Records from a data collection
Content starts

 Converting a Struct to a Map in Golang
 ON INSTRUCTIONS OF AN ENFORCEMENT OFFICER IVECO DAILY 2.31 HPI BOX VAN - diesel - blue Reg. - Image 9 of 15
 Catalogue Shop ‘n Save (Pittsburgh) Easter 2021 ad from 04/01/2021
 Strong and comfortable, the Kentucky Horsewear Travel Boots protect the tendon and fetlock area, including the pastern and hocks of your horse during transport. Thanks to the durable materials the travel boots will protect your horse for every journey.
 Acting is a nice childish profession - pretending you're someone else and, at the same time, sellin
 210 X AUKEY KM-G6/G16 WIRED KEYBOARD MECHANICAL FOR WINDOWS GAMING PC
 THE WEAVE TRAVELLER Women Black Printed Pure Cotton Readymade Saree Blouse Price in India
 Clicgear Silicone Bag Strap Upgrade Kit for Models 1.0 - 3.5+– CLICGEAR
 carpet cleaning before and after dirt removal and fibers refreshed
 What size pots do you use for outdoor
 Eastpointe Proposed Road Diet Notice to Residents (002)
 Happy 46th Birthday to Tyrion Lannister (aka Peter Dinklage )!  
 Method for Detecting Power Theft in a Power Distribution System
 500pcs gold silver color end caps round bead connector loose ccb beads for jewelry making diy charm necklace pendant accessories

Content ends

• The task: All of the entries above must be transcribed exactly.

• Task result:
 Converting a Struct to a Map in Golang
 ON INSTRUCTIONS OF AN ENFORCEMENT OFFICER IVECO DAILY 2.31 HPI BOX VAN - diesel - blue Reg. - Image 9 of 15
 Catalogue Shop ‘n Save (Pittsburgh) Easter 2021 ad from 04/01/2021
 Strong and comfortable, the Kentucky Horsewear Travel Boots protect the tendon and fetlock area, including the pastern and hocks of your horse during transport. Thanks to the durable materials the travel boots will protect your horse for every journey.
 Acting is a nice childish profession - pretending you're someone else and, at the same time, sellin
 210 X AUKEY KM-G6/G16 WIRED KEYBOARD MECHANICAL FOR WINDOWS GAMING PC
 THE WEAVE TRAVELLER Women Black Printed Pure Cotton Readymade Saree Blouse Price in India
 Clicgear Silicone Bag Strap Upgrade Kit for Models 1.0 - 3.5+– CLICGEAR
 carpet cleaning before and after dirt removal and fibers refreshed
 What size pots do you use for outdoor
 Eastpointe Proposed Road Diet Notice to Residents (002)
 Happy 46th Birthday to Tyrion Lannister (aka Peter Dinklage )!  
 Method for Detecting Power Theft in a Power Distribution System
 500pcs gold silver color end caps round bead connector loose ccb beads for jewelry making diy charm necklace pendant accessories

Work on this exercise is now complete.